■ WHAT NEEDS TO BE DONE ■
Show the lines below where "Holiday" occurs.
*** AVAILABLE DATA ***
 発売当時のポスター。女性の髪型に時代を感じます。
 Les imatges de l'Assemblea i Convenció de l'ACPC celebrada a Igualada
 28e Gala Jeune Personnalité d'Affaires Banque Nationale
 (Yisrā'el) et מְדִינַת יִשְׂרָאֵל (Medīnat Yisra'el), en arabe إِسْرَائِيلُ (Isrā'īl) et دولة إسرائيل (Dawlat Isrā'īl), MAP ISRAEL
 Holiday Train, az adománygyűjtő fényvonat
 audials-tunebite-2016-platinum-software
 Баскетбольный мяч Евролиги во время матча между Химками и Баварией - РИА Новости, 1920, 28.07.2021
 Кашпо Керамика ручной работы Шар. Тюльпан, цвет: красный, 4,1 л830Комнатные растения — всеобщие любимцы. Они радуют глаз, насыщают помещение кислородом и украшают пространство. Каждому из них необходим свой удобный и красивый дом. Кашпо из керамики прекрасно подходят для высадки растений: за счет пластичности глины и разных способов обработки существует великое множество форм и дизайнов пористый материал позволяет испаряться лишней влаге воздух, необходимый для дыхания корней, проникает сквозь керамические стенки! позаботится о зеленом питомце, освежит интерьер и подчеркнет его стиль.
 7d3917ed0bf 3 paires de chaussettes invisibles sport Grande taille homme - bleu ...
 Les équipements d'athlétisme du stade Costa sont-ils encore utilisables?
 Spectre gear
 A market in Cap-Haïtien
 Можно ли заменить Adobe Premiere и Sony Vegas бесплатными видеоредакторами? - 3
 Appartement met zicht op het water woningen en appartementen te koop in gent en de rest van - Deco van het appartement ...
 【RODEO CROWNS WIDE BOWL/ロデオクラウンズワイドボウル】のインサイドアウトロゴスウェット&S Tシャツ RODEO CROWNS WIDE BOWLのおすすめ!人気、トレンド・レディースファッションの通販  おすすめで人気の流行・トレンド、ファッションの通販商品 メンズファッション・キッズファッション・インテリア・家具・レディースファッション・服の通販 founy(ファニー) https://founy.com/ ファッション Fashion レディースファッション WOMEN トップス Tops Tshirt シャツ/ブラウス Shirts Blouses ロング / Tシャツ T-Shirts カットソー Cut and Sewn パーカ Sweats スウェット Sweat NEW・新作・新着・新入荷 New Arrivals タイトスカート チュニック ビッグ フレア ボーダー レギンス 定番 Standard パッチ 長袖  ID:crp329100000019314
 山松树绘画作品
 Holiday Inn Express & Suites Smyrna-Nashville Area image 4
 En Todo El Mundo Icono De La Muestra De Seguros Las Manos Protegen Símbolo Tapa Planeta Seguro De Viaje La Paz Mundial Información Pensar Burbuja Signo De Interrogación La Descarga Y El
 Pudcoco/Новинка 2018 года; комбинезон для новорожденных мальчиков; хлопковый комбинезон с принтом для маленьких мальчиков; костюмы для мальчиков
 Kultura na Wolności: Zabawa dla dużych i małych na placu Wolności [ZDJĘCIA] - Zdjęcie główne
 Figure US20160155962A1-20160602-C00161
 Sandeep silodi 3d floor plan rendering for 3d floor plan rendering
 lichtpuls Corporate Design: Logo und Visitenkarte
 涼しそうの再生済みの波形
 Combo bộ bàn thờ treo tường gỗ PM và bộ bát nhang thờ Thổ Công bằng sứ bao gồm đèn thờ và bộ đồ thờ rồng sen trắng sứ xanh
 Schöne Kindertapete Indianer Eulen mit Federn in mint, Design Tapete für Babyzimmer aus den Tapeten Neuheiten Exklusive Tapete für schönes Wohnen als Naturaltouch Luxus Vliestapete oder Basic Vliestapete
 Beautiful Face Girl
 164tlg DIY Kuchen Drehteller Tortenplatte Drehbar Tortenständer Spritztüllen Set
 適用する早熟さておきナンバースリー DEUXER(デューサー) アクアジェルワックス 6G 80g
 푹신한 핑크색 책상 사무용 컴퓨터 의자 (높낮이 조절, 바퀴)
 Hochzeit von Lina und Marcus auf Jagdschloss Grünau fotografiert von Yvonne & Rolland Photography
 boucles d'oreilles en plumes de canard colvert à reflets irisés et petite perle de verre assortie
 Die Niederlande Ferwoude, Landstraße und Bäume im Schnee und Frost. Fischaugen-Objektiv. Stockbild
*** End of AVAILABLE DATA ***
■ RESPONSE ■
 Holiday Train, az adománygyűjtő fényvonat
 Holiday Inn Express & Suites Smyrna-Nashville Area image 4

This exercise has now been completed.